The good news is, I have an 18 (almost 19) year old daughter who is learning how to cook. It’s been a bit of a baptism-by-fire experience for her, because she had to figure it out fast, or get by on easy-prep stuff. She’s used to all of my tasty, home-prepared meals, so she had to buck up and face the stove-top. She has done an awesome job helping me through a very tough time. I can vaguely remember answering food prep questions while snoozing on the couch, and later waking up to a wonderful supper. And, not only has she kept my husband and I well fed, but she has been chipping in more on housework. About this time I am thinking, “Thank you God , for this one more child you blessed us with, when we were thinking it would not be possible for us to have more children!” Not that I haven’t felt grateful many times in the past for all of my children, but this past couple of months, my youngest has really been working to win the “favorite child” award!

And, even more good news – I am feeling a lot better now. I was able to tweak my work schedule just a little, to make it more doable, and, most especially, to allow me to get back to my Thursday morning Bible study with the moms. I really missed that! I recovered a large portion of my lost energy just in time to head off on another Megabus adventure (read my Megabus Mama blog post, if you haven’t, yet. I wrote that one way back in September of 2014). I had to plan a shorter-than-usual stay in Minnesota this time around, what with being a working woman and all.
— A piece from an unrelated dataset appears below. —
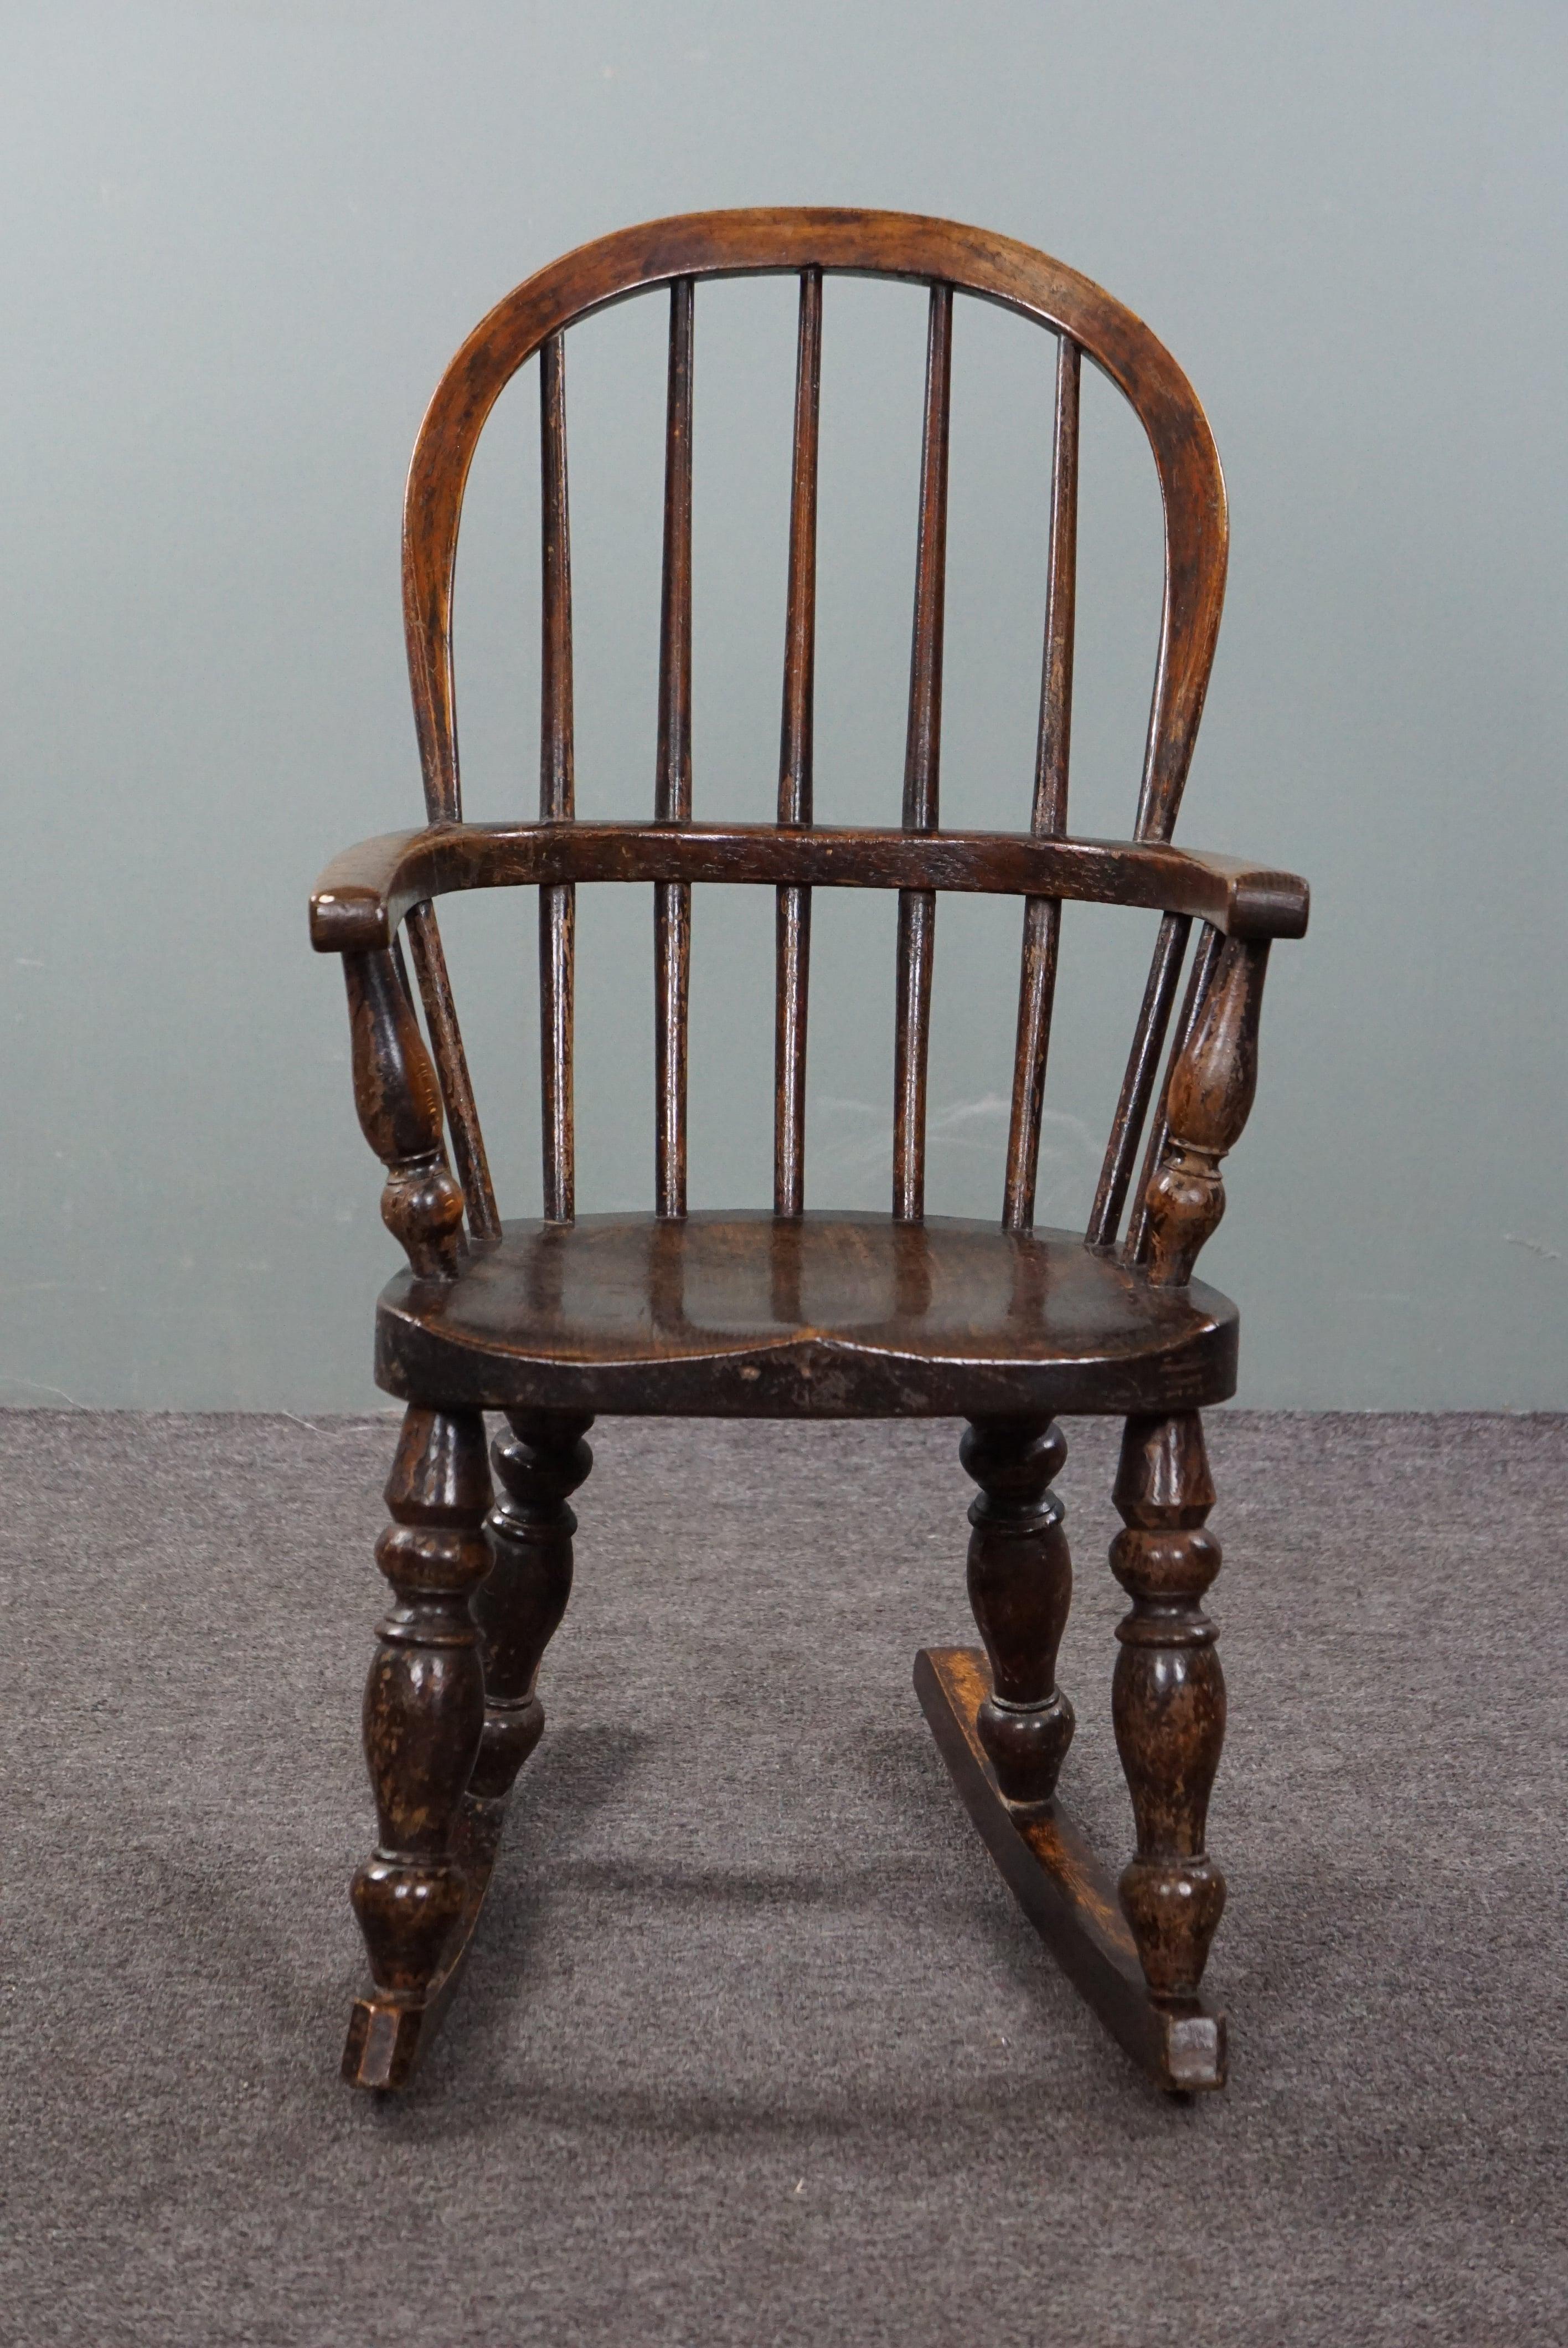 Offered is this antique Windsor rocking chair in a child's size. The charming allure of this chair from the early 19th century reflects a bygone era and brings a touch of history into the (children's) room. The unique design and beautiful details

I went up to be with my daughter and granddaughter while my son-in-law was traveling on business. I left on a Saturday afternoon, had supper in Chicago, did an overnight to Minnesota, got picked up from the bus station at 7:15 am Sunday morning, and went straight to 7:30 Mass (after digging my church clothes out of my luggage and changing in the bathroom!). Then I spent the whole week being an on-call grandma and mama’s helper. I left the following Sunday night, with an overnight to Chicago, breakfast in the windy city, followed by hopping on my second bus, which got me back home at 5:30 Monday evening. I started back to work the next morning.

I am amazed that I am still hanging in there, without a serious illness and/or missing any days of work. I’m not really sure how this can even be happening. I was the one who used to get serious upper respiratory infections three or four times every winter, and, here I am, pushing my self to the limit and beyond, and somehow (except for the couple of weeks taking long naps), I am holding up. When I got back from my trip, all of my clients were so happy to have me back. They all missed me very much. My weekend client, who I lovingly refer to as my Jewish mother, has gone so far as to tell me that I am not allowed to go away again for a long time! I do feel bad that I had to leave them, but, I’ve got news for them – this Megabus Mama will be heading off into the sunset again before too long. I’ll get ants in my pants, and the long-distance mom/grandma blues, and then I’ll have to jump on the big, blue double-decker for another adventure north!

The worst part of all this craziness in my life has been a total lack of creativity and inspiration, hence the long hiatus in blog posting. At this point, I am just trying to get something on “paper” to loosen up the logjam. So, hopefully, you’re not suffering too much boredom from this lackluster, uninspired story. While you muddle through, just think of it as a sacrifice – you’re helping with my writer’s block. Now that the words are flowing again, the wheels in my brain will start churning, the creativity will start coursing through my veins, and my blog will come back to life again. Megabus Mama has got her groove back!